Edward Seymour’s power grab was successful, his popularity and previous military successes held him in good stead and by March 1547, he had obtained letters patent from Edward VI giving him the right to appoint members to the Privy Council, a monarchical right which essentially gave him power.
With the power behind the throne held by Edward Seymour, what could be said of the figurehead, nine year old Edward?
Henry VIII, Jane Seymour (posthumous) and Edward
Born on 12th October 1537, he was the only legitimate son of Henry VIII, born to his third wife, Jane Seymour who sadly died only a few days after his birth.
Without his mother, he was placed in the care of Lady Margaret Bryan, whilst Henry doted on and invested in securing the future of his son and heir.
Edward was given comfort, a good education and luxury, trained in typical medieval kingship skills such as riding and fencing. He was also given a well-rounded education, learning both Latin and Greek by the age of five.

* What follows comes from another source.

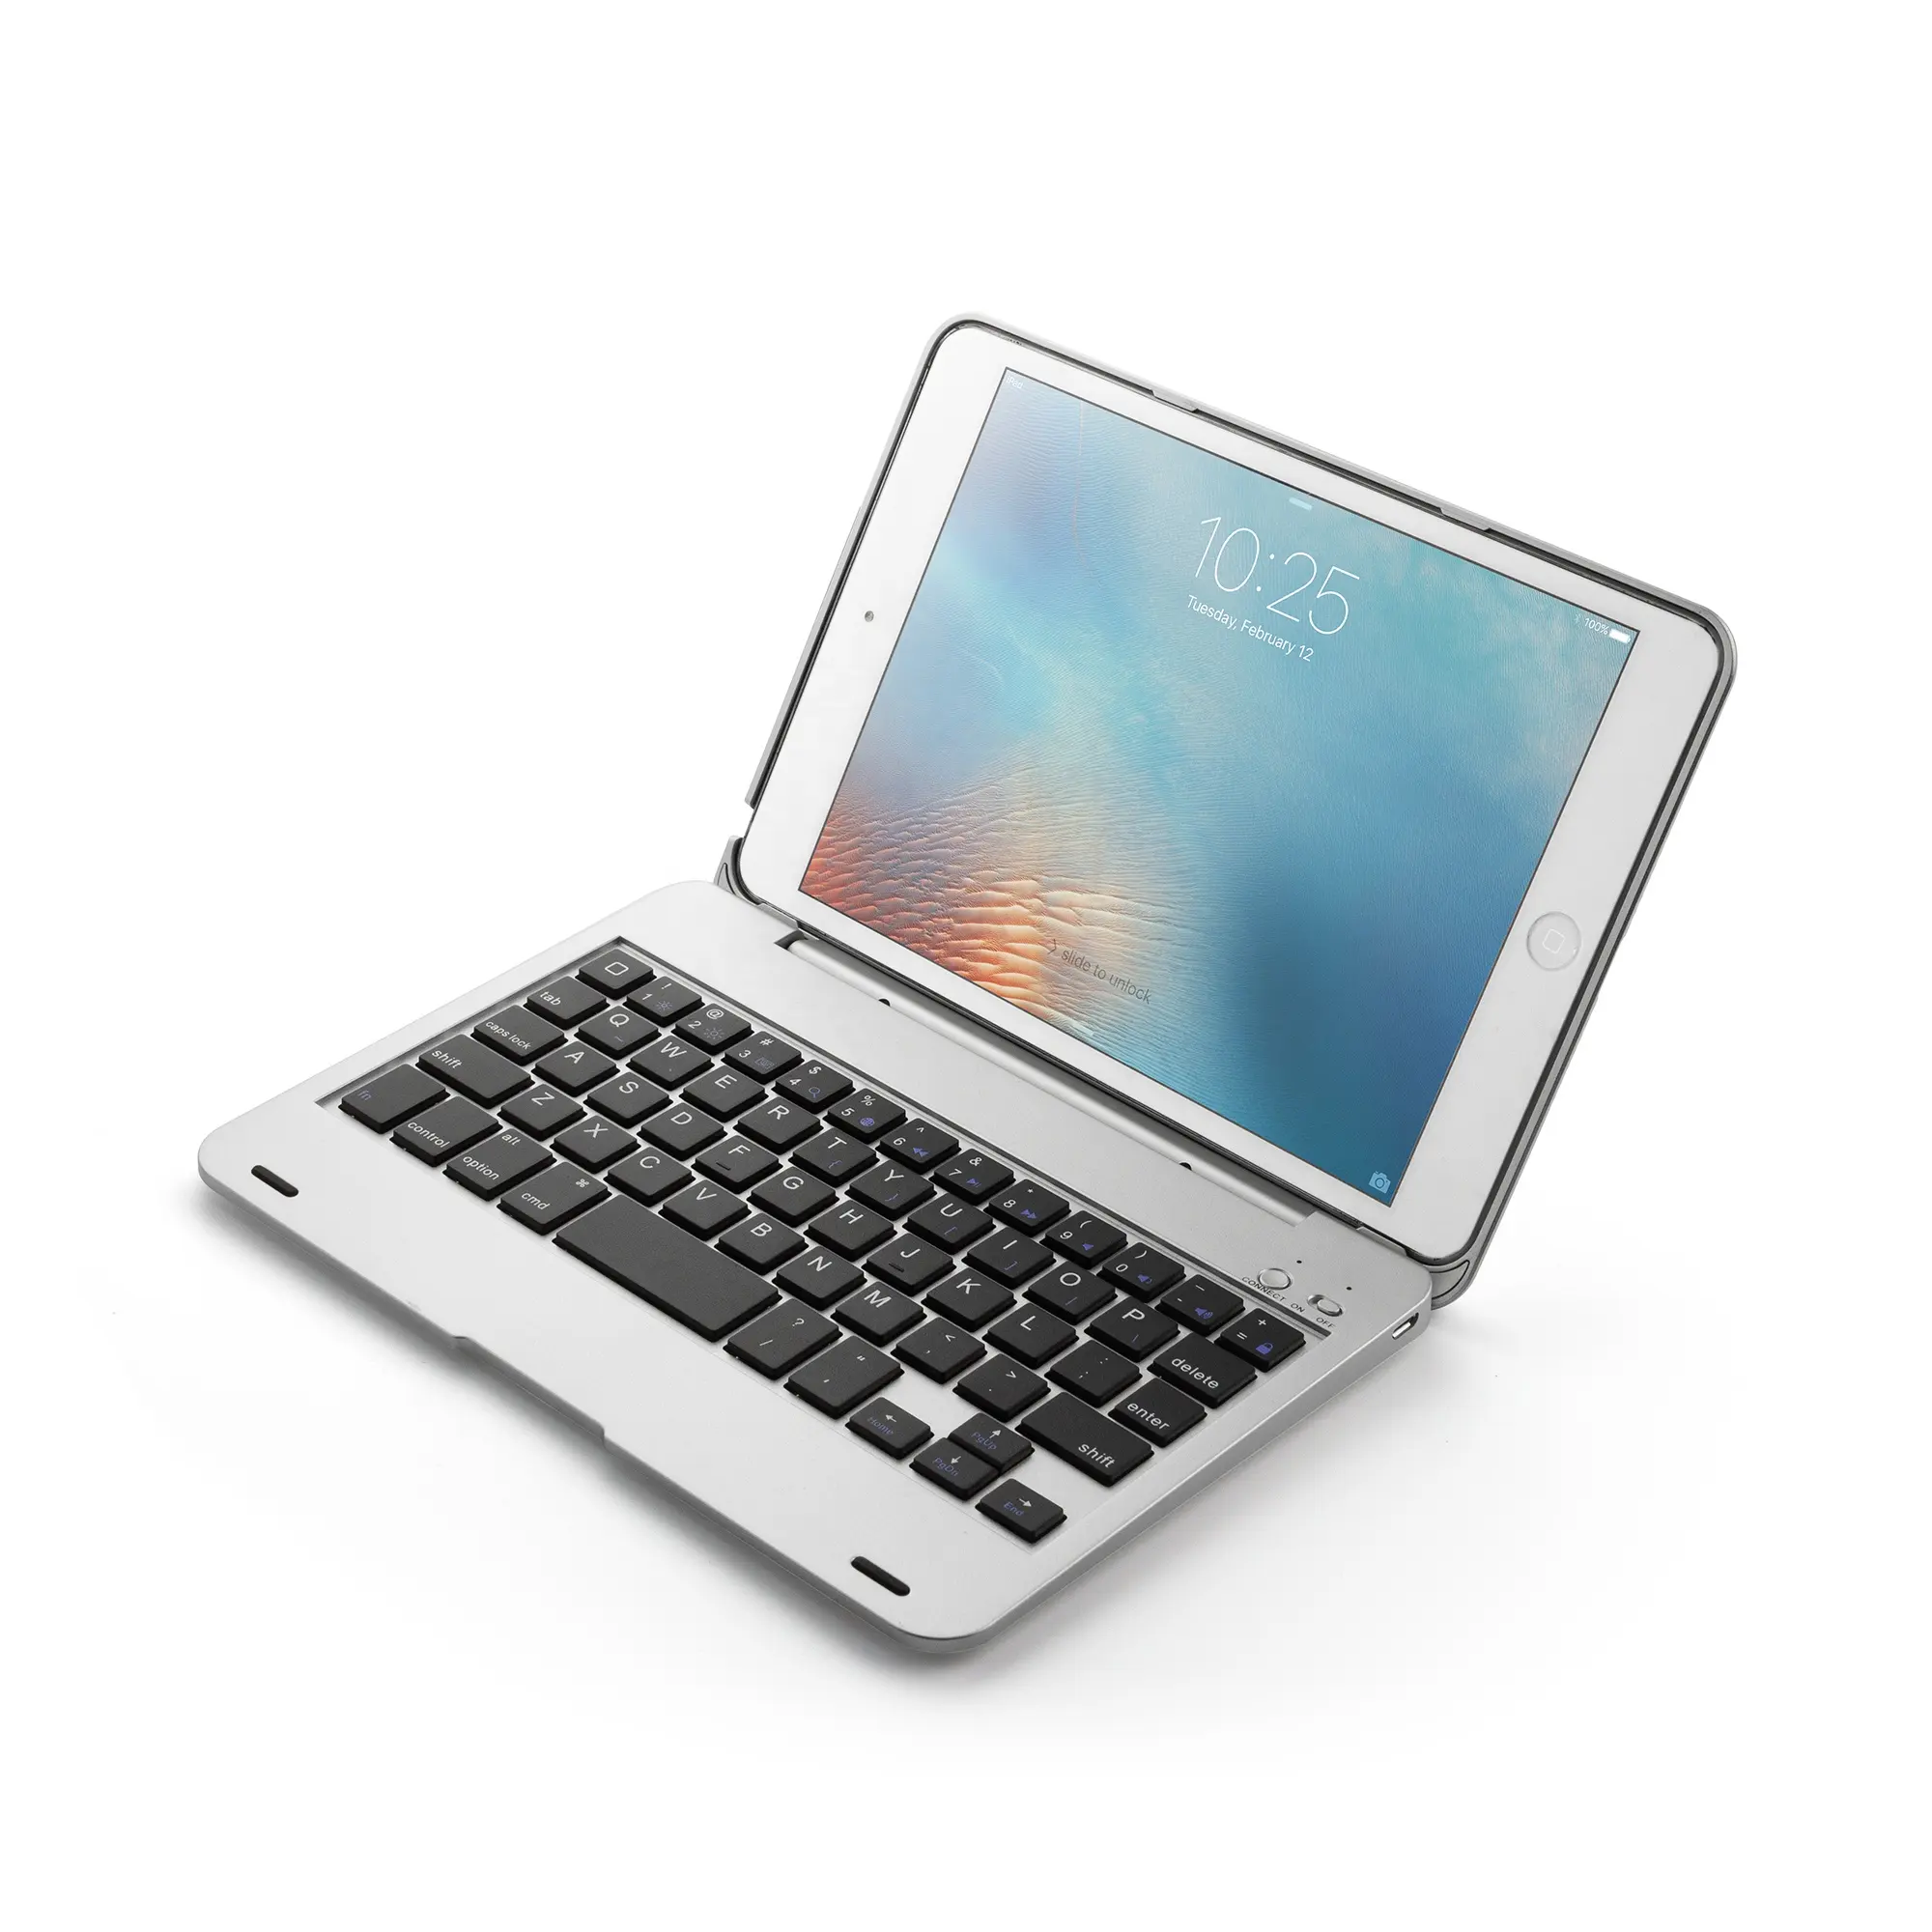 Высокое качество Классический планшет Беспроводная клавиатура чехол для iPad Mini 1/2/3 7,9 дюймов

In terms of his personal relationships, Edward had become close to Henry VIII’s wife Catherine Parr and was influenced by her Protestant ideals. Meanwhile, he had grown close to his sisters, both Elizabeth and Mary, although Mary’s Catholicism would bring distance to their relationship later.
King Henry VIII, his children Edward, Mary and Elizabeth, and his jester Will Somers
The religious divide between Catholicism and Protestantism would permeate Edward’s short six year reign as despite his father’s break from Rome residual elements of Catholic worship still existed whilst the new Protestant doctrine was introduced.
Nevertheless, Edward was a devout Protestant and embraced it wholeheartedly.
Aside from the Reformation, Edward found his reign marred by continued conflict with both Scotland and France as well as economic issues.
Under the Lord Protector, the war which had pervaded Henry VIII’s reign would look set to continue, with the principal aim of implementing the Treaty of Greenwich which had been signed in 1543 with two main goals, establishing peace between Scotland and England as well as securing the marriage of Edward VI and Mary, Queen of Scots.
At the Battle of Pinkie in September 1547, held on the banks of the River Esk, the English forces would secure a blinding victory against the Scottish. It would be the last pitched battle between the two before the Union and became well-known thanks to an eyewitness account that was published.
Edward Seymour, Lord Protector
The defeat for the Scots became known as “Black Saturday” and resulted in the young Queen Mary being smuggled out of the country. She would be betrothed to the Dauphin of France. Edward Seymour saw fit to occupy large parts of Scotland.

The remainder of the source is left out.